Causal Network Visualization

The fundamental questions raised in a tumour board are:

  1. what kind of treatment may improve the patient’s health, and

  2. what kind of treatment the patient can tolerate.

To help oncologists to explore the data involved with these questions, we designed a diagram that reads from left to right, showing at least:

  1. the existing samples,

  2. the detected alterations,

  3. the actionable drugs,

  4. the foreseen side-effects.

This diagram takes the form of a network, where the nodes are the object of interest, and the directed edges figures the evidences that links one object to another. Those evidences are drawn as arrows, which displays both the strength of the evidence and its uncertainty. To that end, we use a visual grammar 1 which have been proven to maximize the efficiency of interpretation for visual representation of causes and effects:

  • causal relationships are figured by arrows linking state nodes,

  • the “strength” of the relationship is figured by the width of the arrow,

  • the “certainty” of the relationship is fugured by the opacity and the fuzziness of the drawing (the more uncertain, the more transparent and blurred).

Additionaly, the graph is shaped to be read from the left to the right, with nodes grouped on columns evenly spread, so as to ease the reading.

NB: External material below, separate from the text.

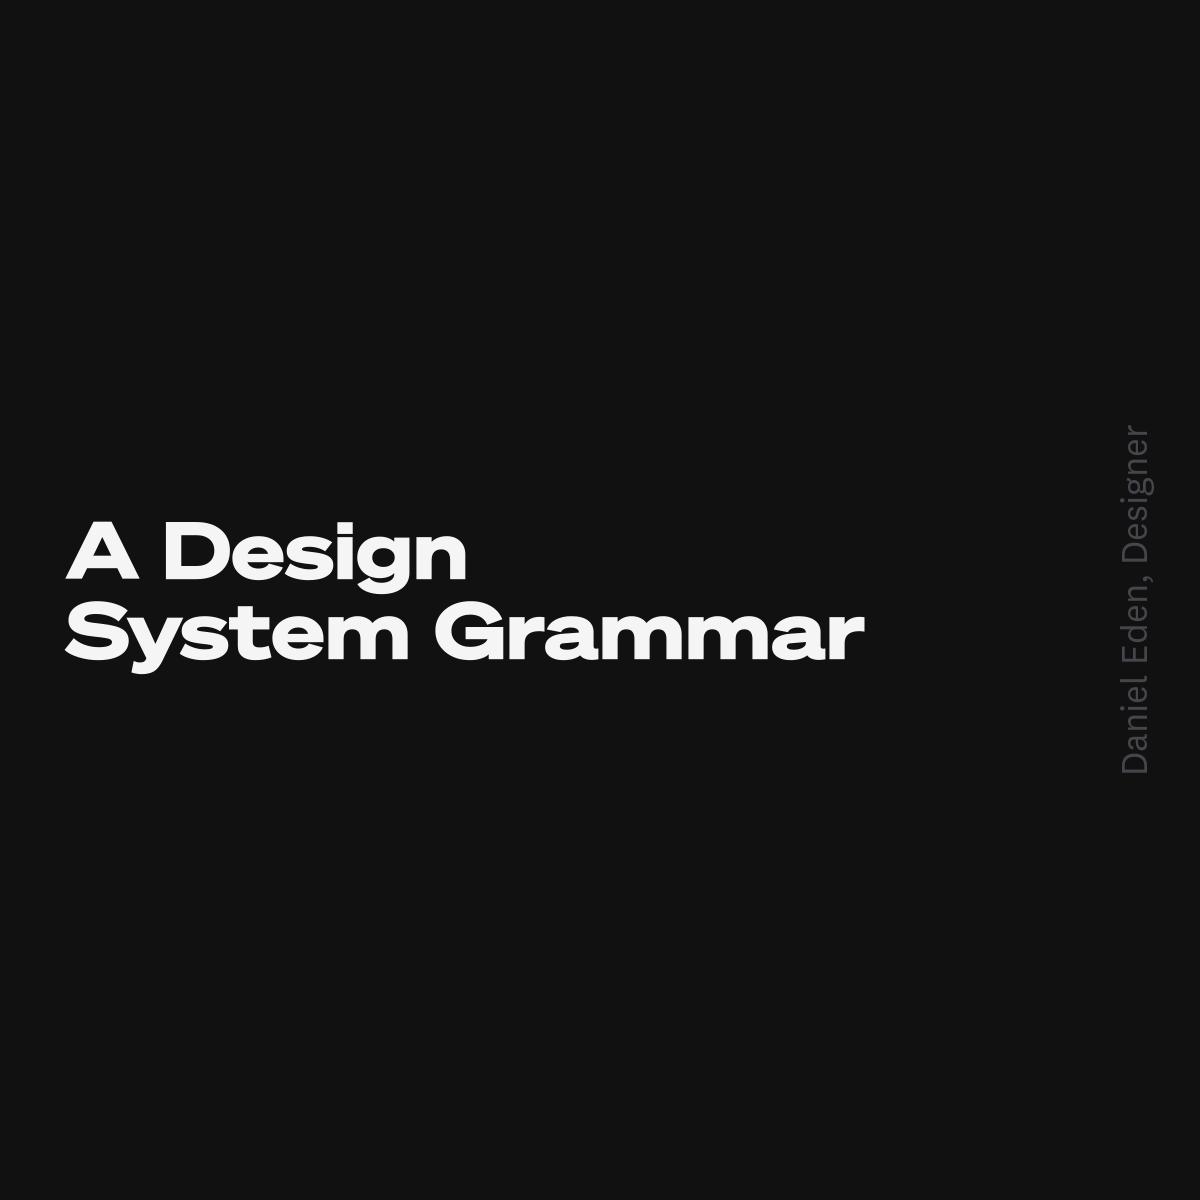 A Design System Grammar | Daniel T. Eden, Designer

To read more about the underlying concept of Bayesian networks, see the backend’s documentation of the Explainer widget.

Widget architecture

The widget Oncoview() is a :class:`LitElement`_ which fetch its data from the “explainer/networks” API entrypoint. The expected data is a JSON graph encoding a directed graph, as a list of nodes and a list of links. Each link holds a “strength” and a “certainty” data field. See the backend’s documentation for the detail of the graph data structure.

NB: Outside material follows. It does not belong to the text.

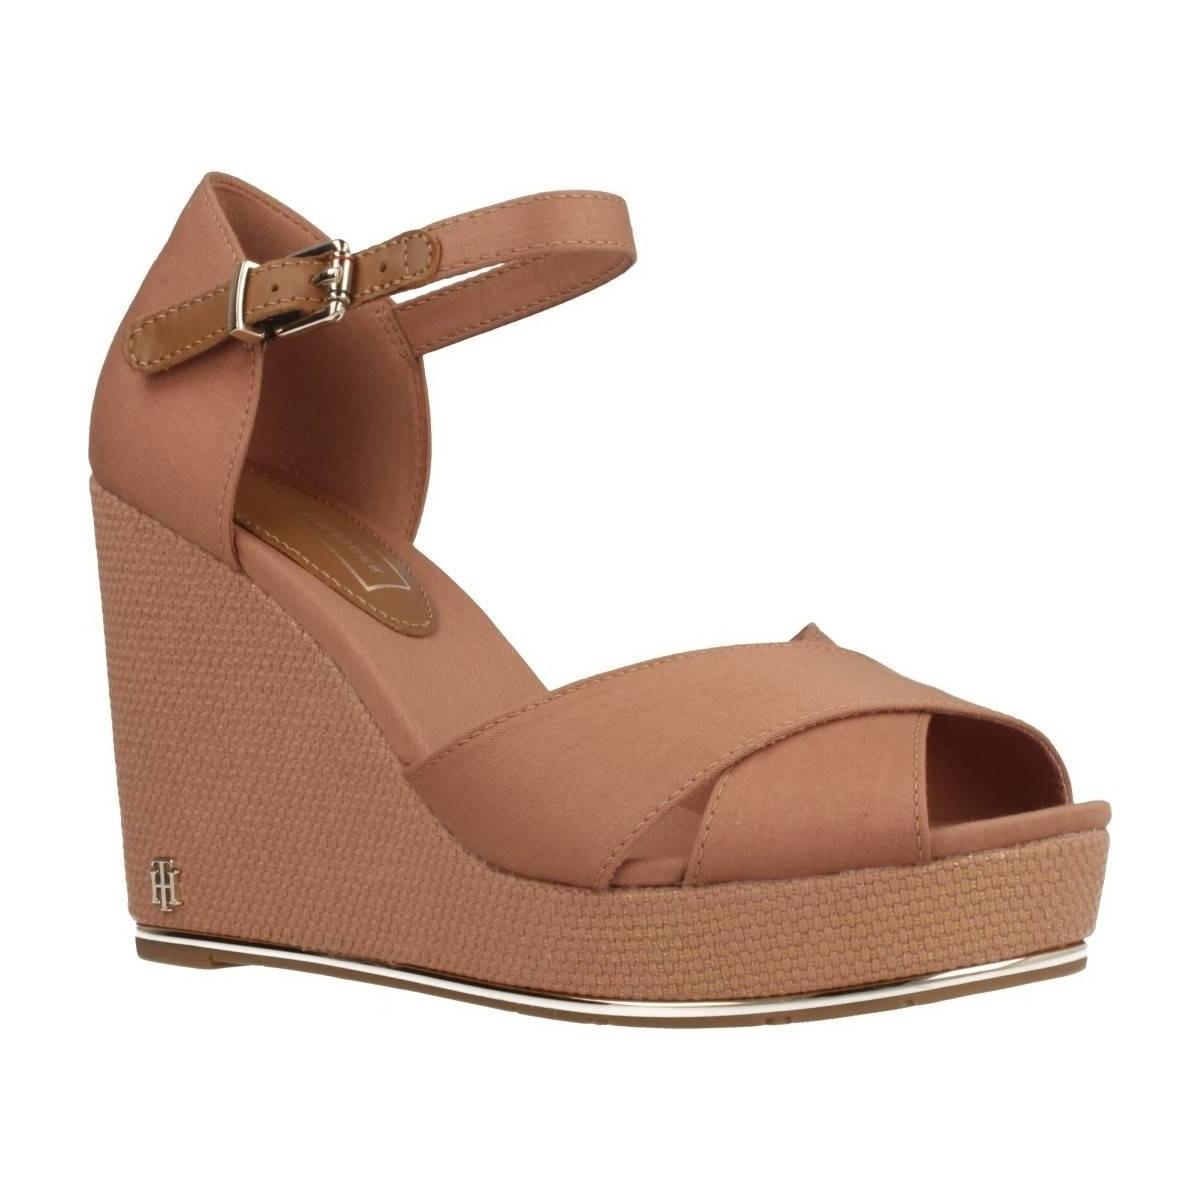 18b46cf155 Tommy Hilfiger Fw0fw04078 Women's Sandals In Brown in Brown - Lyst

The visualization is dnawn using a Scalable Vector Graphic (SVG) object right within the page. The drawGraph() is called when the widget is rendered and is in charge of adding the SVG objects figuring node labels and link arrows. Nodes and links are grouped within SVG groups. All SVG objects have CSS class, “link” for arrows, and “label-box” for nodes.

Nodes are drown by the drawColumn() function, which proceed column by column, evenly spreading the labels on each vertical axis.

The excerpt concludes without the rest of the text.